Josh: Now back to it, and take it with a grain of salt, because I’m not in any way saying that attractive people are there for automatically good, or I’m certainly not saying that people we find physically attractive are better than the rest of us. But I think there’s something in attractiveness that gives us the sense of that’s goodness, right, like, and so our desire to view or lust attractive people, attractive people, is a desire to consume their goodness, to merge, and that’s, i think, one of the powerful reasons behind sexual sin is that that one flesh union that God designed to be between husband and wife is meant to be two people who understand on the, they understand interiorly that they are good and they’re bringing their goodness to the other person’s goodness, and there’s a giving and receiving that happens there.
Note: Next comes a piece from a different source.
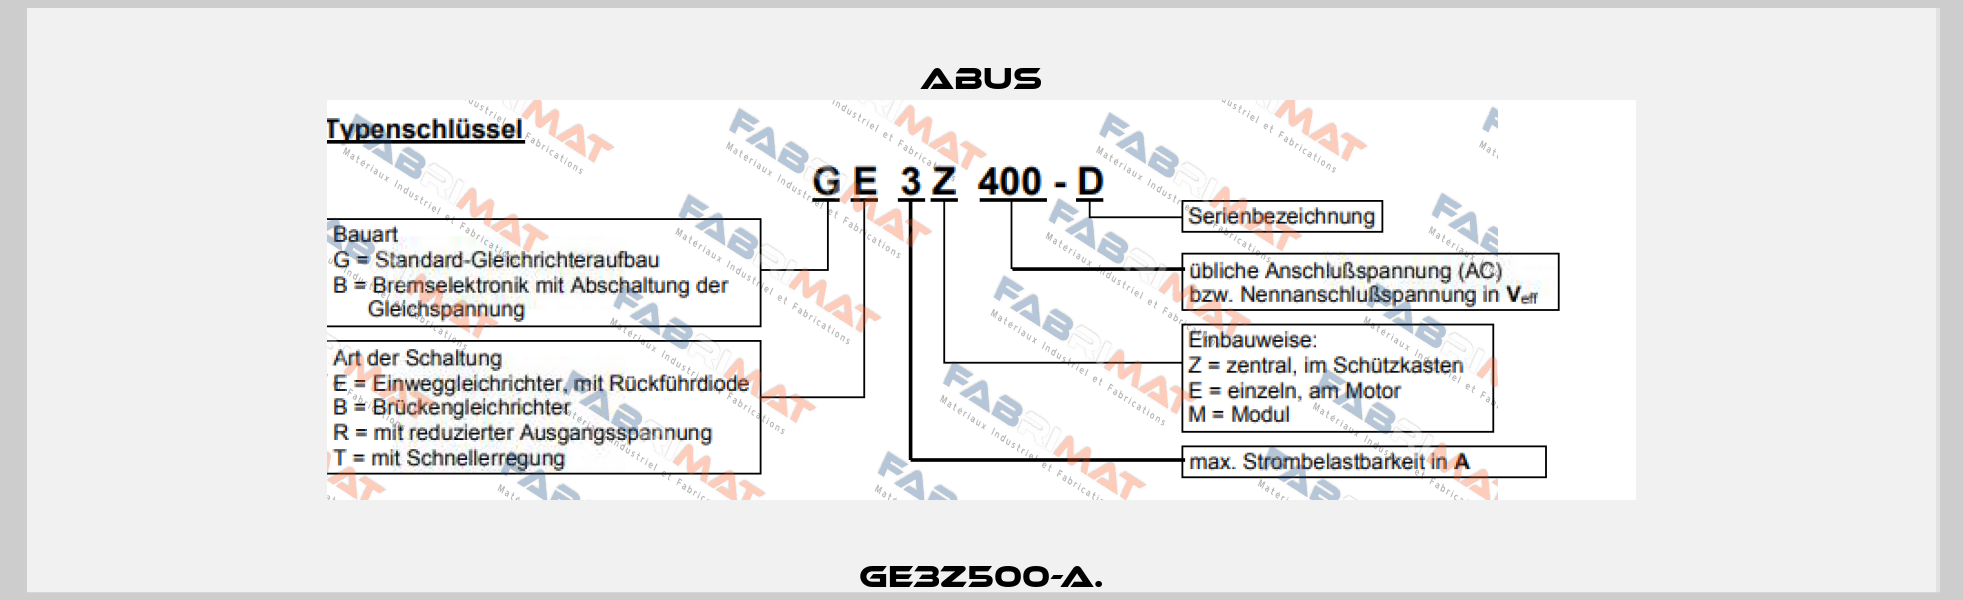 GE3Z500-A. Abus

That is very good. And there’s something, as we lost after quote unquote attractive people, that is searching for that restored place. But in that place, in that way, our kind of that pseudo merging, whether it’s just through lust and masturbation or actually hooking up with someone that we think is attractive that really what we’re searching for there is to merge and to find that we are good. Because if that attractive person, that person that we perceive on a visual, aesthetic level as quote unquote good, if that person wants to be with me, then it assuages, it kind of soothes my own sense of shame and inadequacy And, for a moment at least, makes me feel like maybe I’m good too, even if it’s just in the fantasy of porn. So, and our own desire to be attractive also is our deep, deep down, it’s a desire not to be attractive, not to draw people to ourselves, but it’s a desire to be good, to be good. 
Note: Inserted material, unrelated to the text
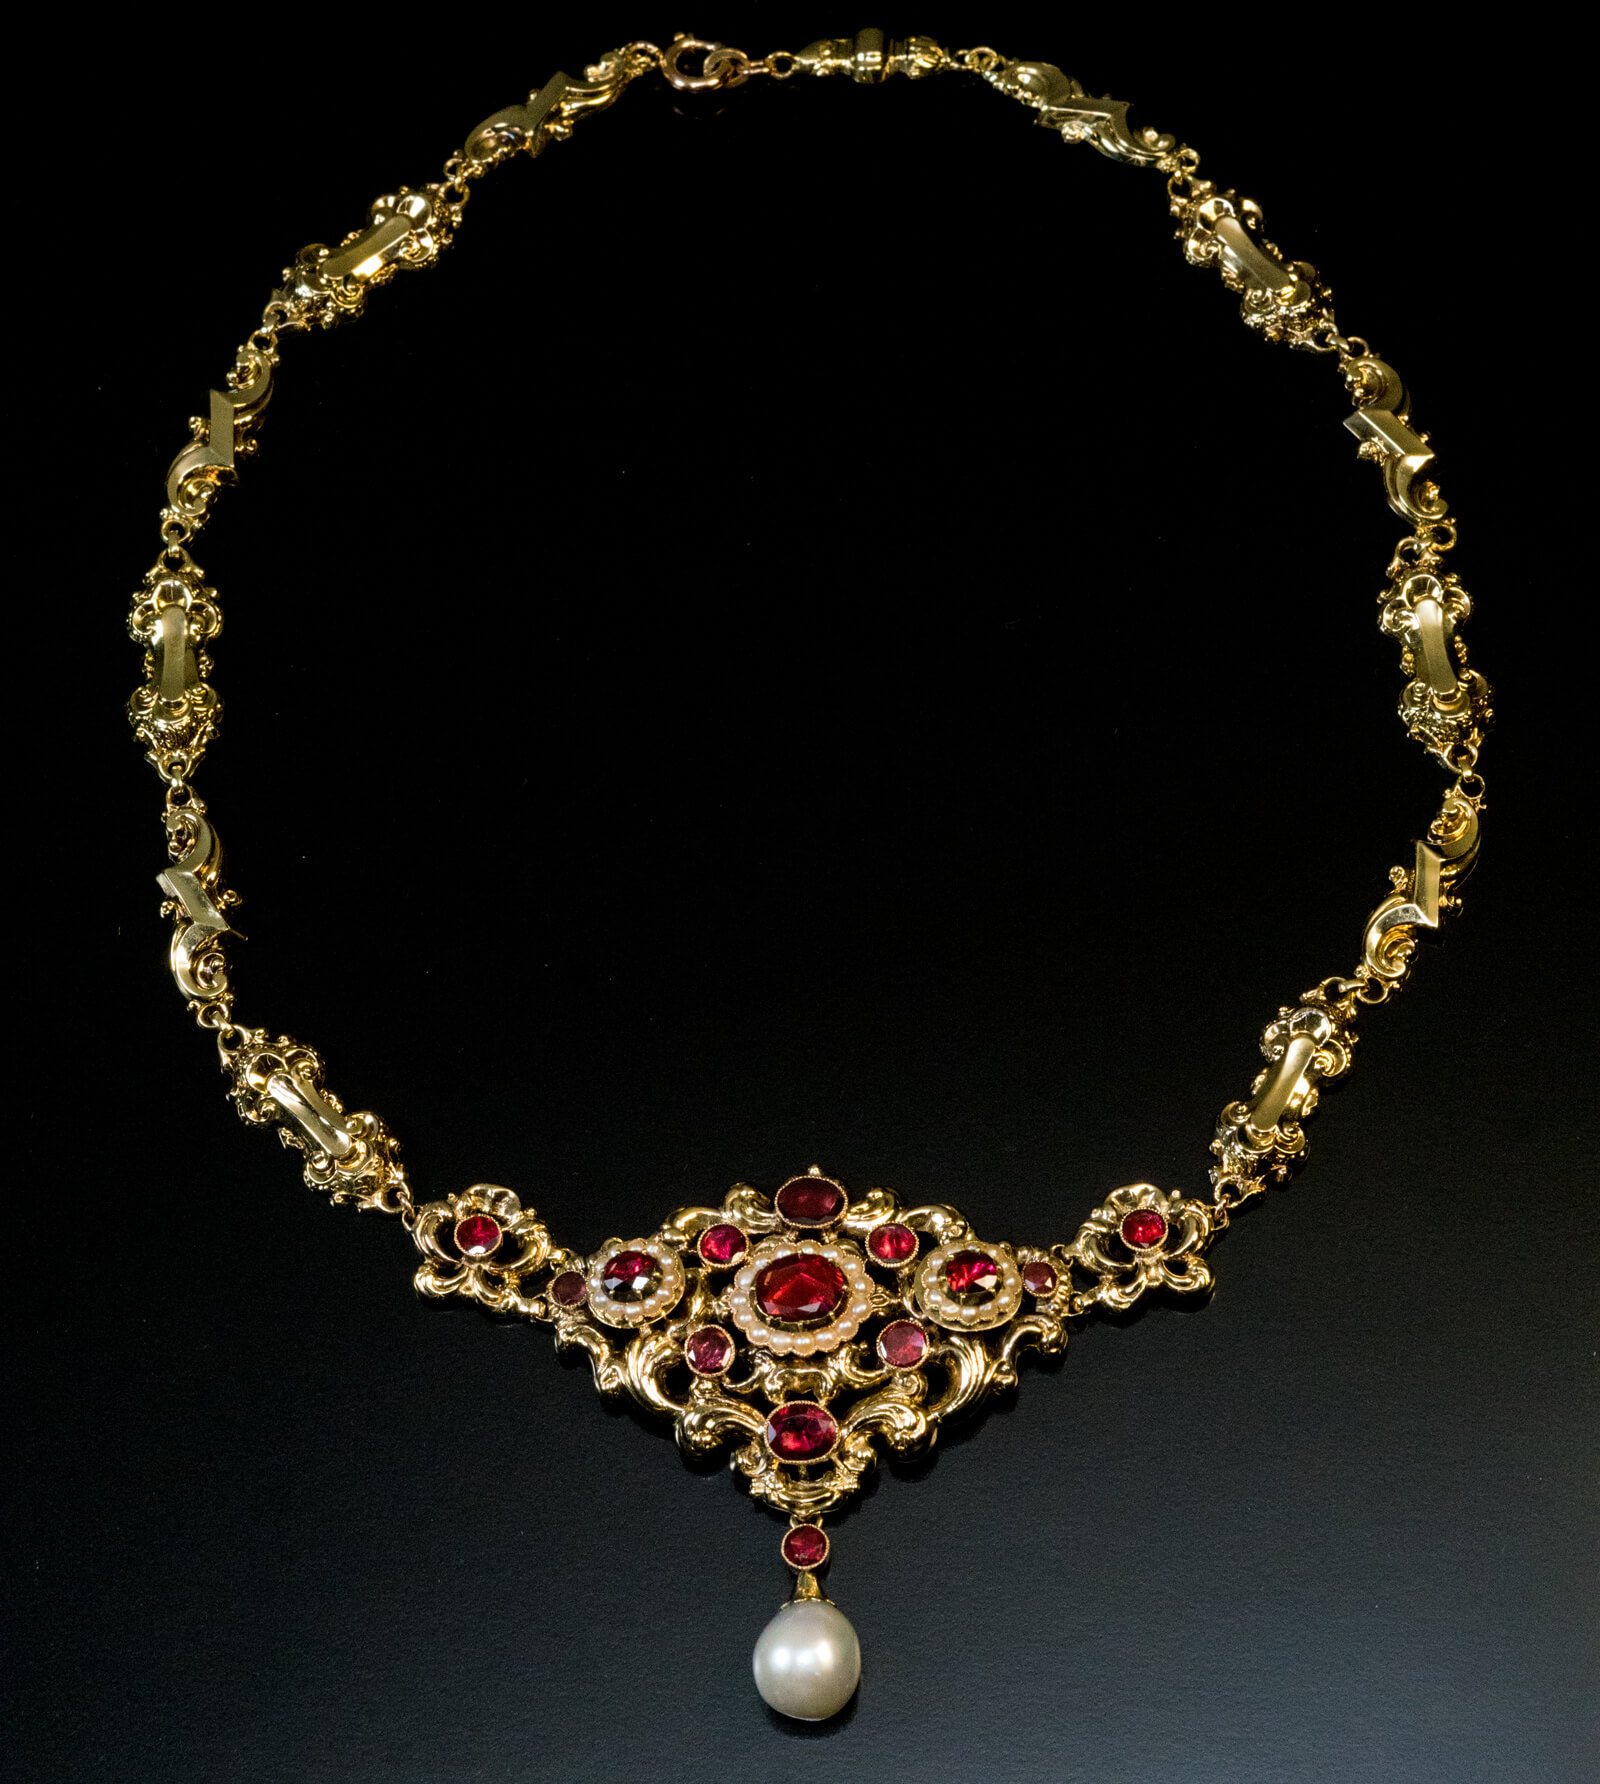 Renaissance Revival Jewelry

Josh: I think it’s one of the reasons that’s significant that the prophet Isaiah, in prophesying about Jesus, said there was no, he had no stately former majesty, there was nothing in his appearance that drew people to him. And yet people were drawn to him. Why? Because he was very good because he was very loving, and we know from Jesus’s life that he was not doing what he was doing to be attractive. He wasn’t grasping, he wasn’t wanting to use people, he didn’t want to draw the crowd so he could feel better about himself. He wanted people to follow him because he understood interiorly that he himself was a good gift. He was bringing something of great value to the people and he wanted them to have the goodness that he brought as God in the flesh. 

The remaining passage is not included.